Но, с другой стороны, великолепие сотворенного мира свидетельствует о мощи и мудрости Творца.
Второй взгляд ближе.
И — неожиданная интуиция: Божественное можно уловить в силки между воображаемым ничто и ошеломительным разнообразием мира.
Но точно ли это пойманное мгновение Божественное? «Священное»? Элиаде говорит, что священное еще не подразумевает веру в Бога, в богов, духов, это опыт реальности и источник осознания бытия. Но ведь это уже иная ступень? Чувство священного выдергивает тебя из болота повседневности.
Музыкальная жертваСлушание Второй симфонии Шнитке в темном пустом деревенском доме с зеркалами (три больших зеркала плюс отражающее стекло буфета). Надвигающийся ужас. Ему противостоят хоры. Ужас растекается тягучим туманом, странной звездно-студенистой массой. Хоры — на островках. Но ревут победные трубы. Ужас торжествует.

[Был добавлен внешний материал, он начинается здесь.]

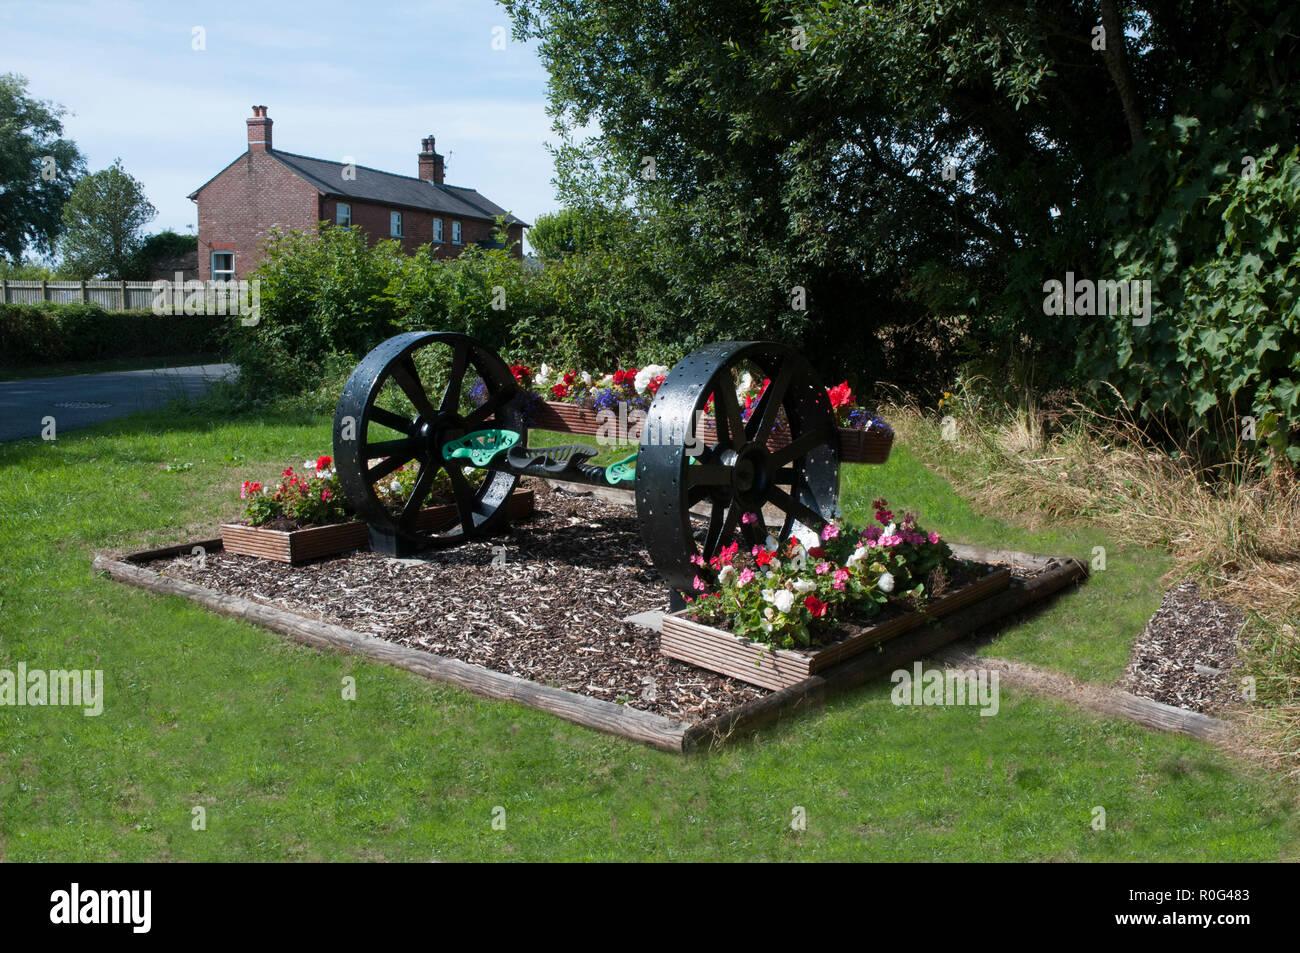 Fleurs en bordure de bégonias et géraniums avec un outillage agricole comme un élément central.Stalmine village BlackpooL Lancashire England UK Photo Stock

Окна не задернуты, и я вижу раскачивающиеся черные деревья апрельского сада. Уже 14 апреля, а холодно. Сильный ветер. Вдруг — мягкая вспышка метко ударяет в восточное окно… Чуть позже слышен гром сквозь ревущий на всю мощь магнитофон. Музыка — это всегда целый мир еще. Хорошо, когда он ей соответствует. Вот почему лучше всего уезжать за музыкой в деревню.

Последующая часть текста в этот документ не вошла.